Regierungsbezirk Münster
Jeder fünften Grundschule fehlt neue Leitung

Münster -

In Warendorf-Hoet­mar wird die Dechant-Wessing-Schule seit Jahren kommissarisch geleitet, der kleinen Dorfschule St. Bonifatius in Birgte geht es nicht anders, die katholische Grundschule in Anholt wird aus Bocholt geleitet, auch die Everwordschule in Freckenhorst sucht einen neuen Rektor oder eine neue Rektorin. Die Stichprobe zeigt: Das heikle Thema Schulleitermangel ist auch im Münsterland nicht unbekannt.

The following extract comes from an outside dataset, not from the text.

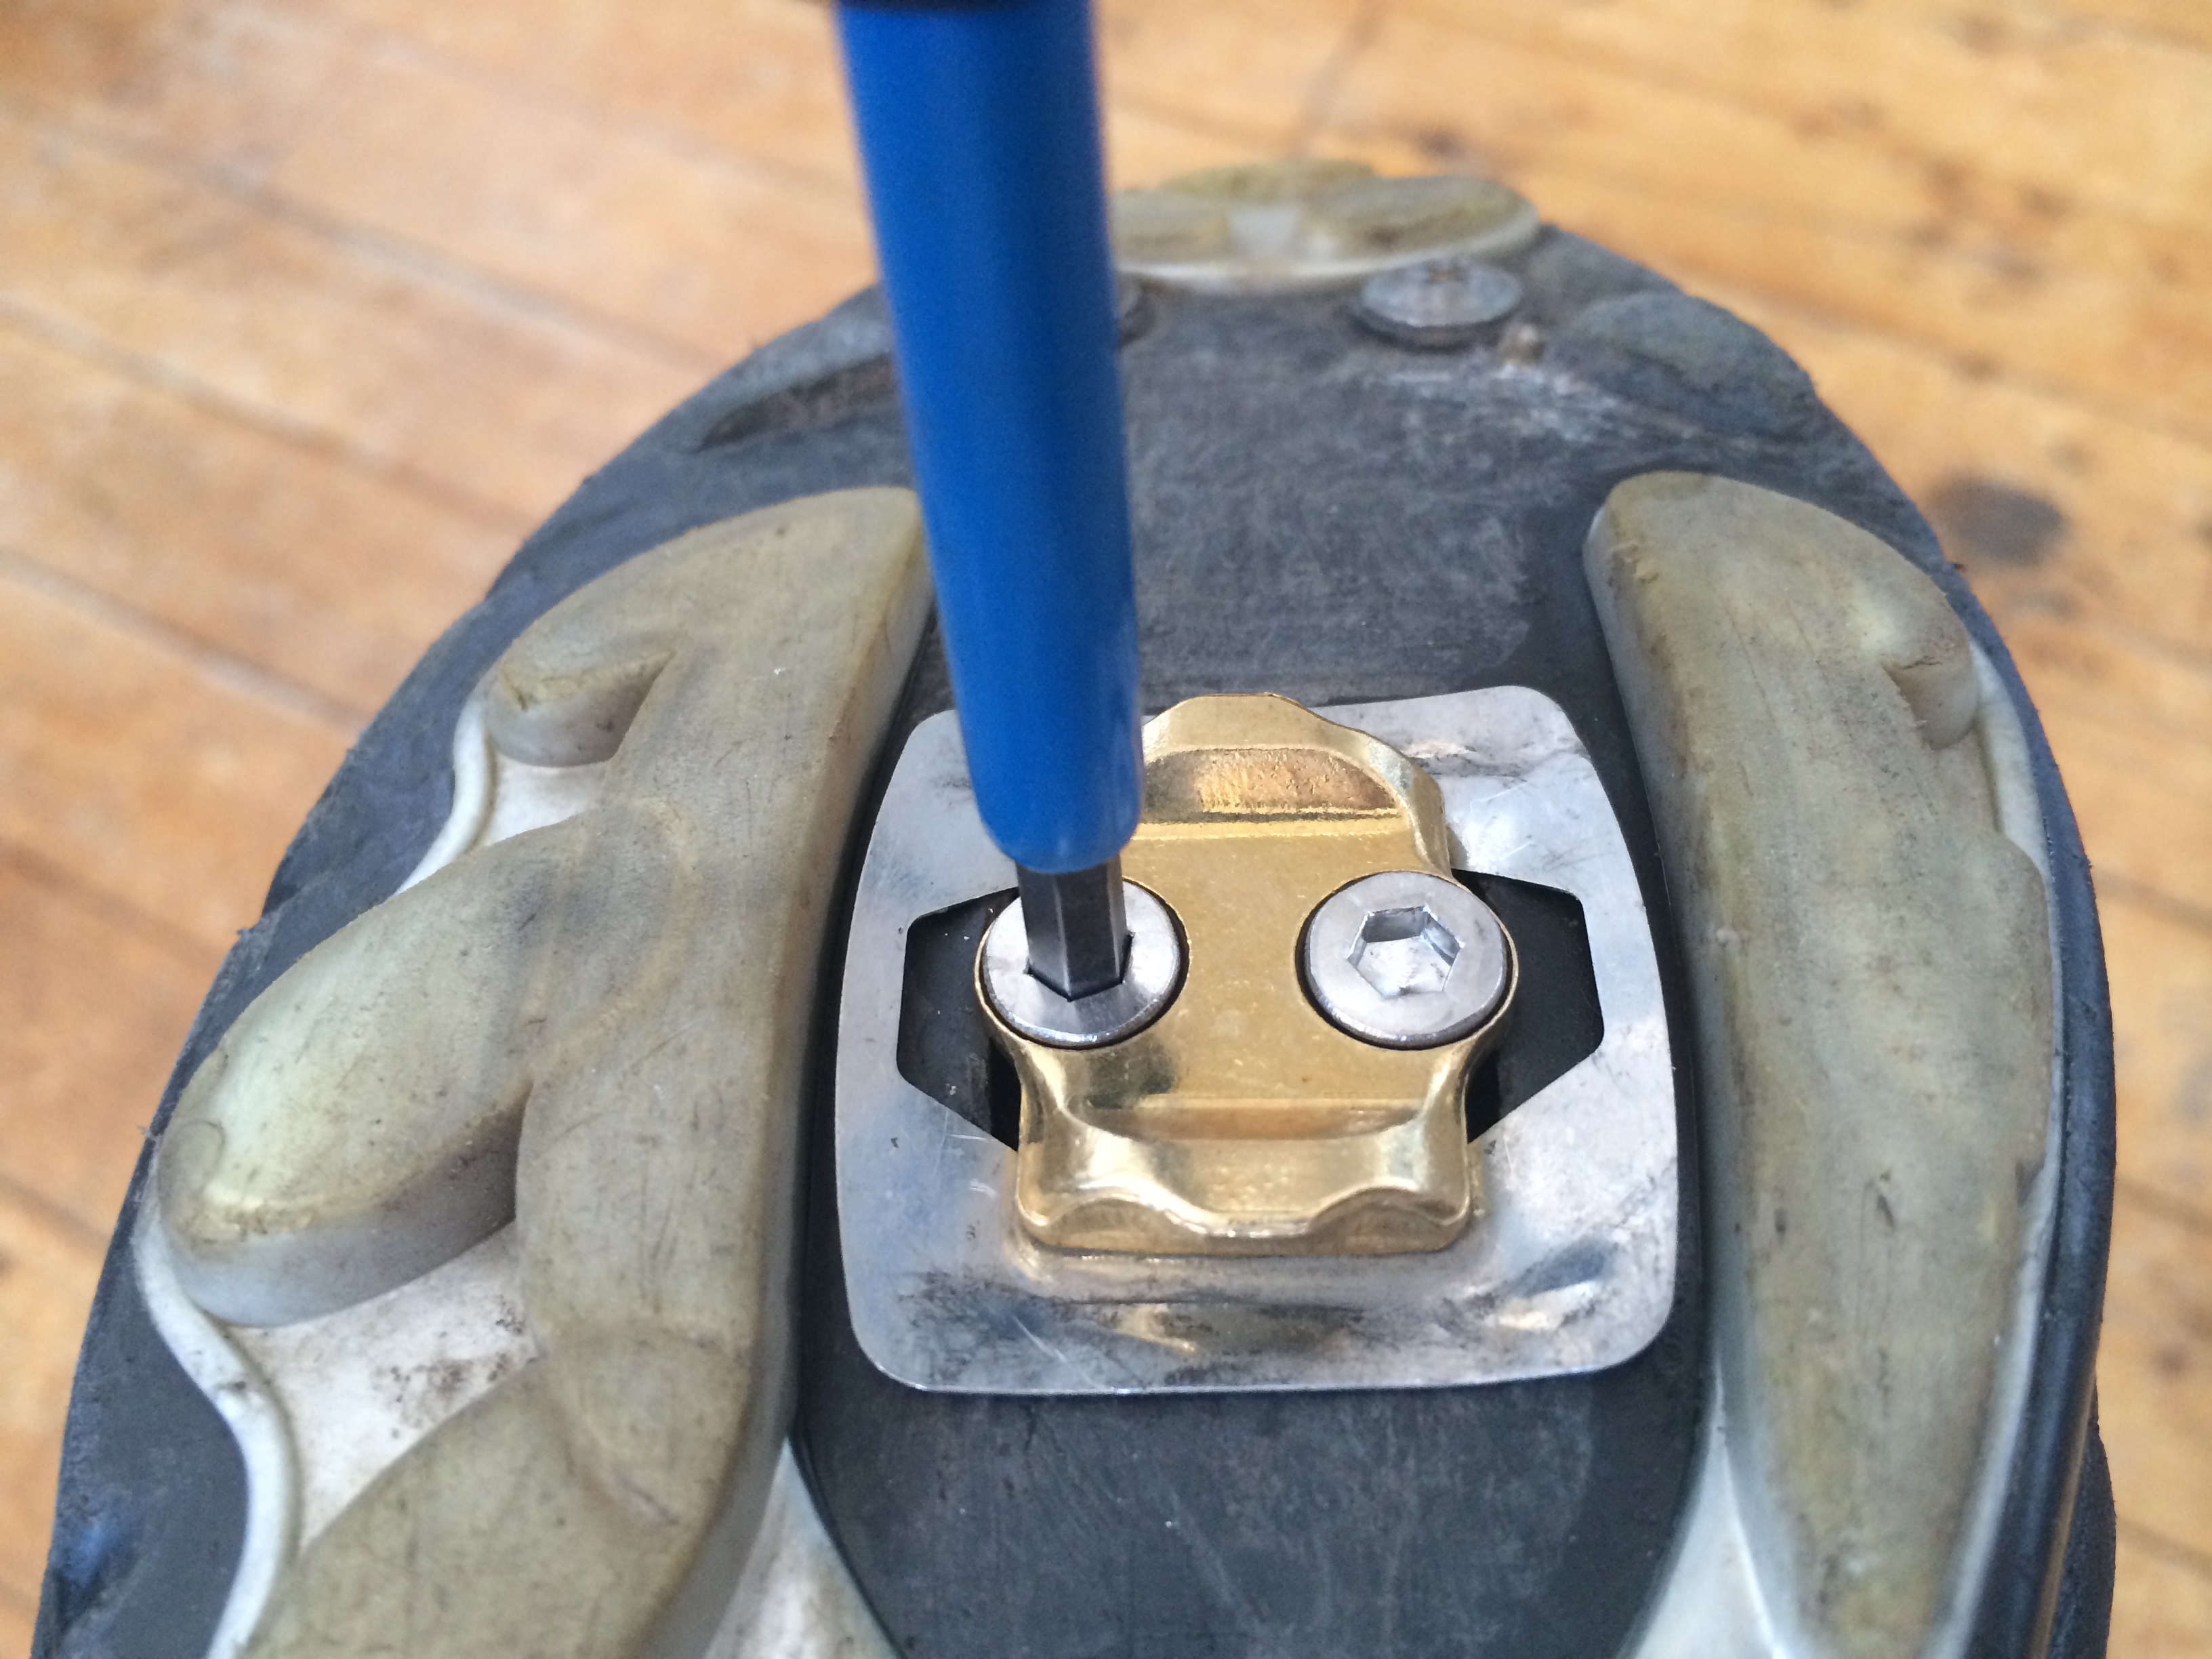 tightening spd pedals

Freitag, 29.12.2017, 08:00 Uhr aktualisiert: 29.12.2017, 15:53 Uhr
Regierungsbezirk Münster: Jeder fünften Grundschule fehlt neue Leitung
Im Regierungsbezirk Münster hat jede fünfte Grundschule keine neue Führung. Foto: colourbox.com

Von den 404 Grundschulen im Regierungsbezirk Münster suchen 76 eine neue Leitung – fast 20 Prozent. „Das heißt aber nicht in allen 76 Fällen: Hilfe, wir finden keinen“, betonte An­dreas Winnemöller von der Bezirksregierung gegenüber unserer Zeitung. Zum Teil handele es sich um gerade erst angelaufene Verfahren, manche liefen allerdings auch schon länger.

Bundesweit sind laut einer Umfrage der „Bild“-Zeitung bei den Kultusministerien rund tausend Leiter-Stellen an Grundschulen unbesetzt.

Die Lehrergewerkschaften prangern seit Jahren die Ursachen für die Schwierigkeiten, die Führungsposition an Grundschulen neu zu besetzten, an. „Es ist ein anspruchsvoller Job, davor schrecken viele zurück“, erläuterte Berthold Paschert von der Gewerkschaft GEW. Neben der umfangreichen Verwaltungsarbeit und der Personalverantwortung sei auch noch eine hohe Unterrichtsverpflichtung zu erfüllen – „das ist eine enorme Belastung“.

Die Besoldung sei erst 2017 auf A 14 angehoben worden. Das NRW-Schulministerium erklärte auf Anfrage, dass man die Auswirkung dieser Erhöhung genau beobachten werde. Die Landesregierung werde Maßnahmen zur besseren Besetzung von Schulleitungspositionen ergreifen, so Ministeriumssprecher Daniel Kölle. Dazu zählten Jobsharing, frühzeitiges Mentoring oder Fortbildungen.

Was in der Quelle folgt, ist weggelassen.